We sat silent awhile, thinking. Then my mind was made up, and I said:

"Yes, everything is ready; everything is shipshape, no detail is wanting. I know what to do now."

"So do I; sit down and wait."

"No, sir ! rise up and strike !"

"Do you mean it?"

"Yes, indeed! The de fensive isn't in my line, and the offensive is. That is, when I hold a fair hand — two-thirds as good a hand as the enemy. Oh, yes, we'll rise up and strike; that's our game."

"A hundred to one you are right. When does the performance begin?"

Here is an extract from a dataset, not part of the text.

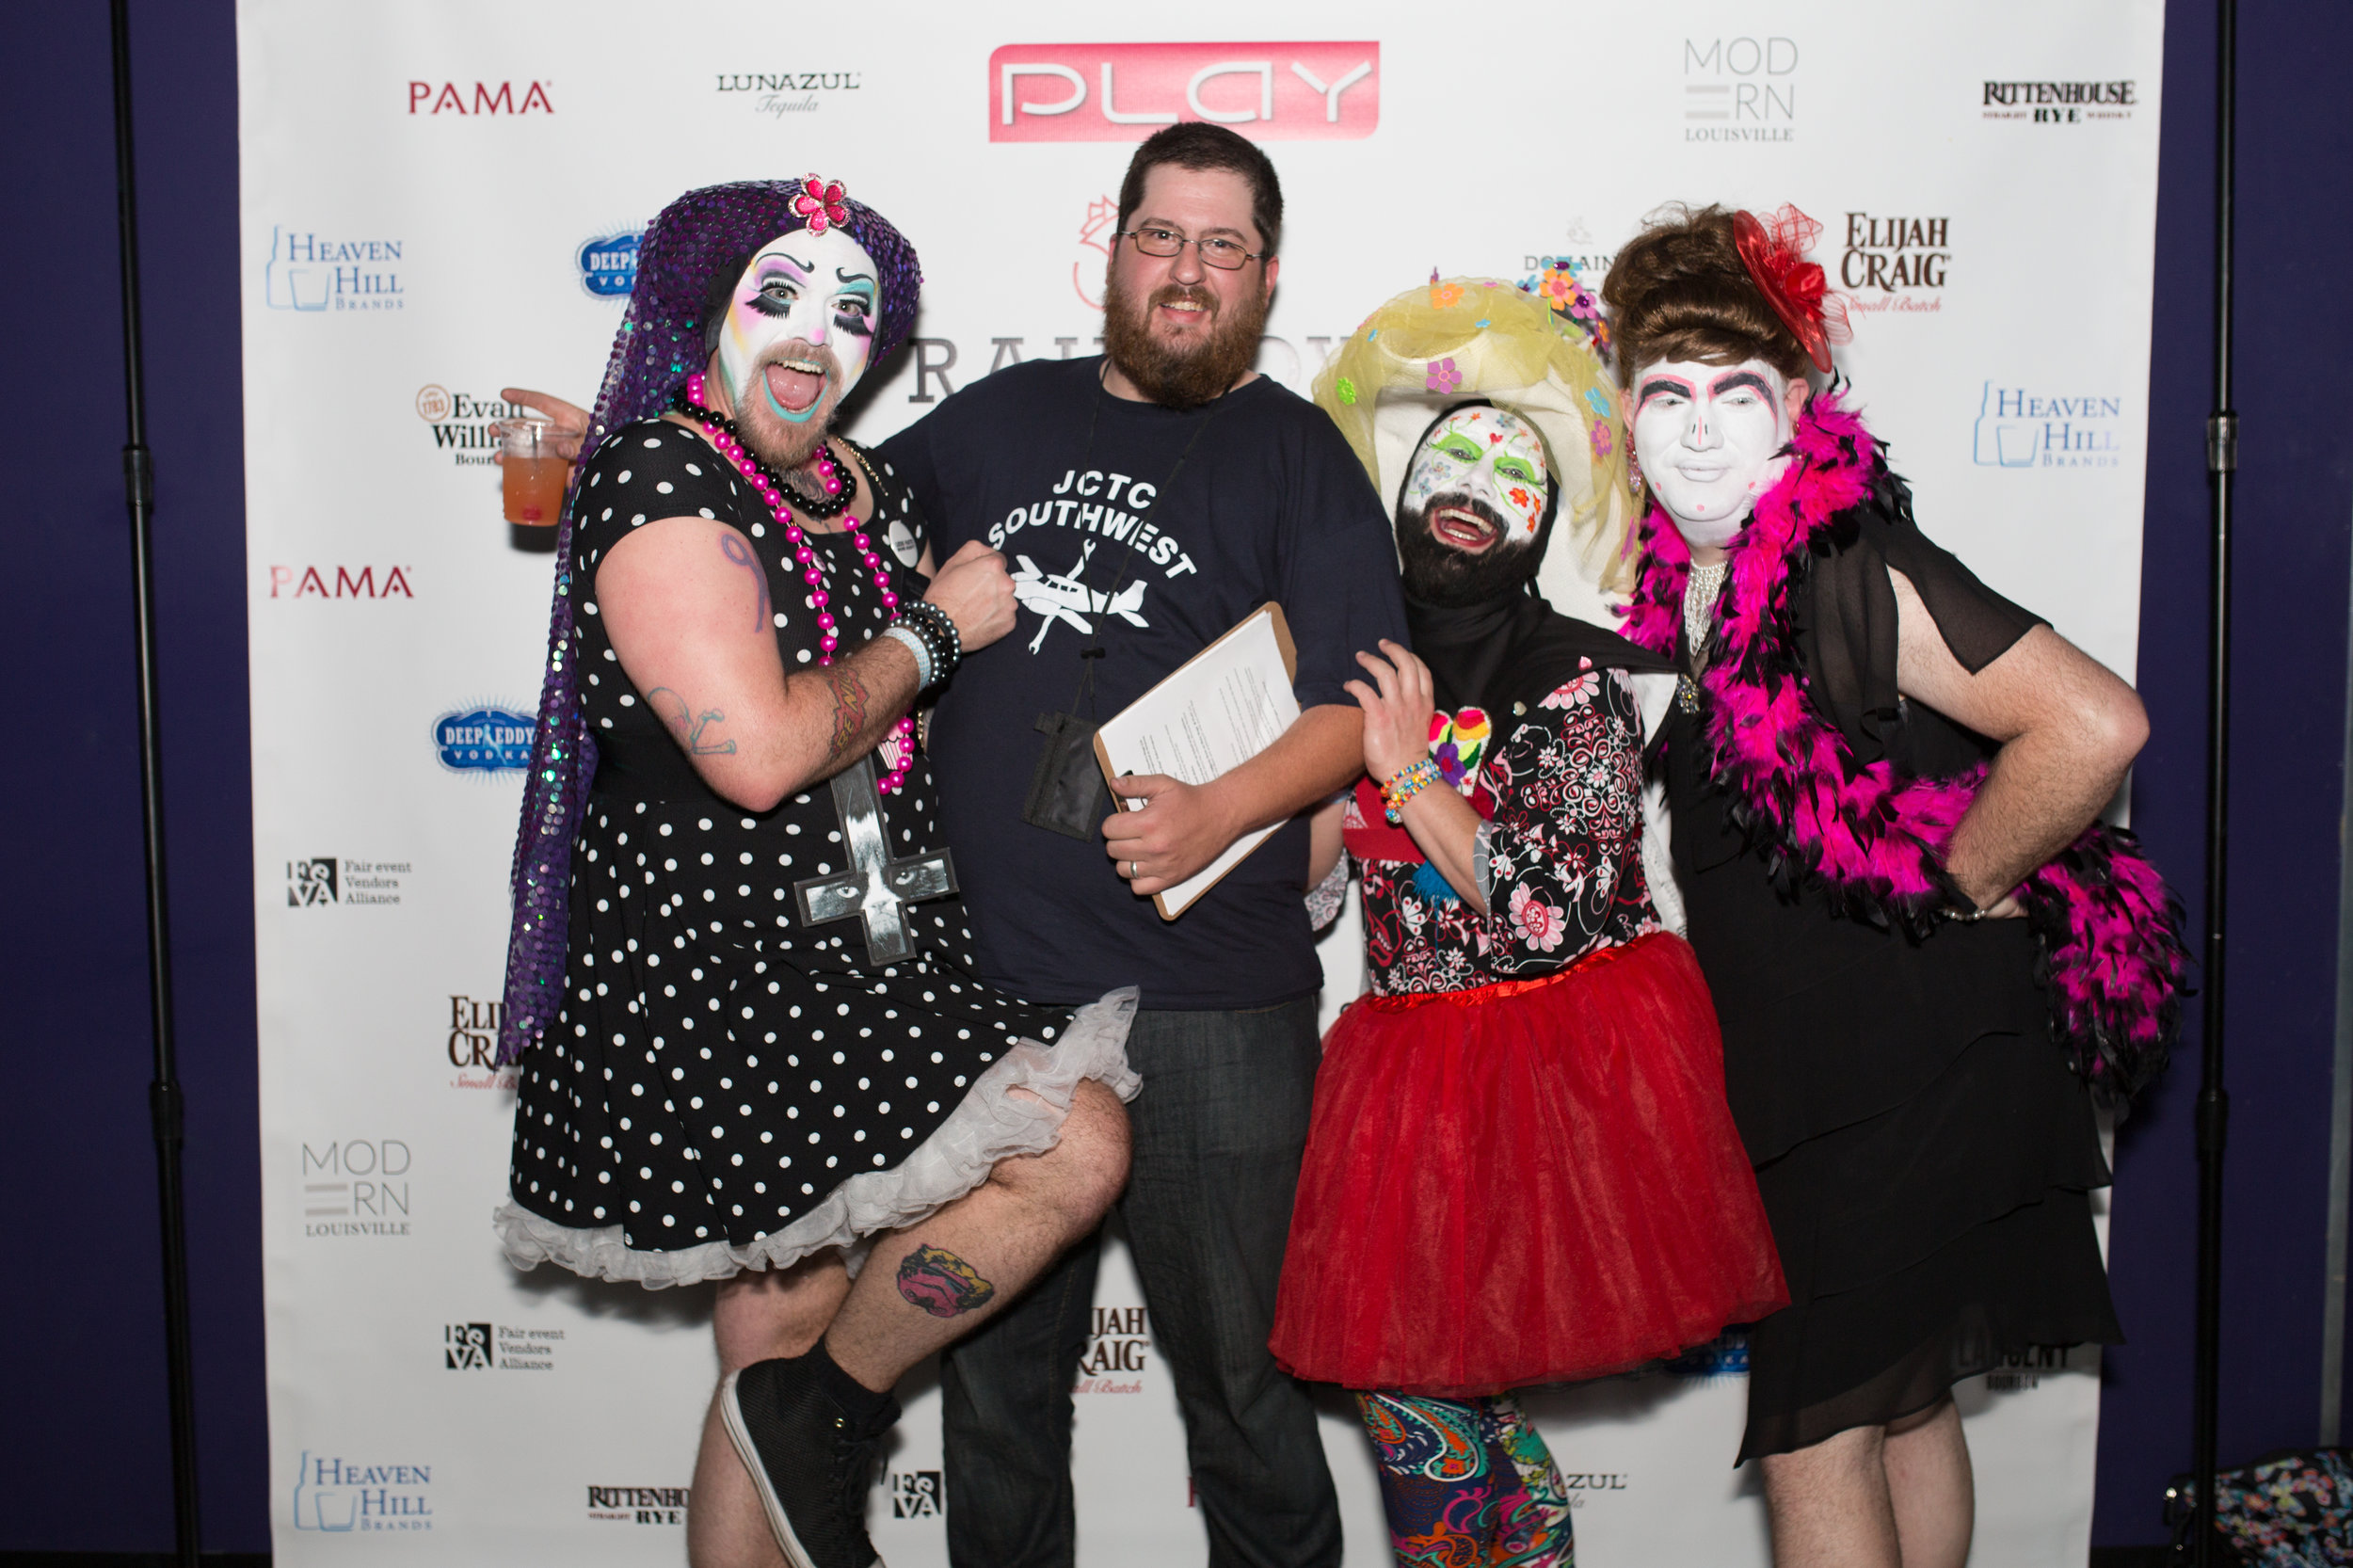 Rainbows & Roses Thurby 2017 WEBSITE FEVA PLAY Crystal Ludwick Photo 22.jpg

"Now! We'll proclaim the Republic."

"Well, that will precipitate things, sure enough!"

"It will make them buzz, I tell you! England will be a hornets' nest before noon to-morrow, if the Church's hand hasn't lost its cunning — and we know it hasn't. Now you write and I'll dictate thus:

"PROCLAMATION

— -

"BE IT KNOWN UNTO ALL. Whereas the king having died
and left no heir, it becomes my duty to continue the
executive authority vested in me, until a government
shall have been created and set in motion. The
monarchy has lapsed, it no longer exists. By
consequence, all political power has reverted to its
original source, the people of the nation. With the
monarchy, its several adjuncts died also; wherefore
there is no longer a nobility, no longer a privileged
class, no longer an Established Church; all men are
become exactly equal; they are upon one common
level, and religion is free. A Republic is hereby
proclaimed
, as being the natural estate of a nation
when other authority has ceased. It is the duty of
the British people to meet together immediately,
and by their votes elect representatives and deliver
into their hands the government."

I signed it "The Boss," and dated it from Merlin's Cave. Clarence said —

"Why, that tells where we are, and invites them to call right away."

"That is the idea. We strike — by the Proclamation — then it's their innings. Now have the thing set up and printed and posted, right off; that is, give the order; then, if you've got a couple of bicycles handy at the foot of the hill, ho for Merlin's Cave!"

"I shall be ready in ten minutes. What a cyclone there is going to be to-morrow when this piece of paper gets to work! . . . It's a pleasant old palace, this is; I wonder if we shall ever again — but never mind about that."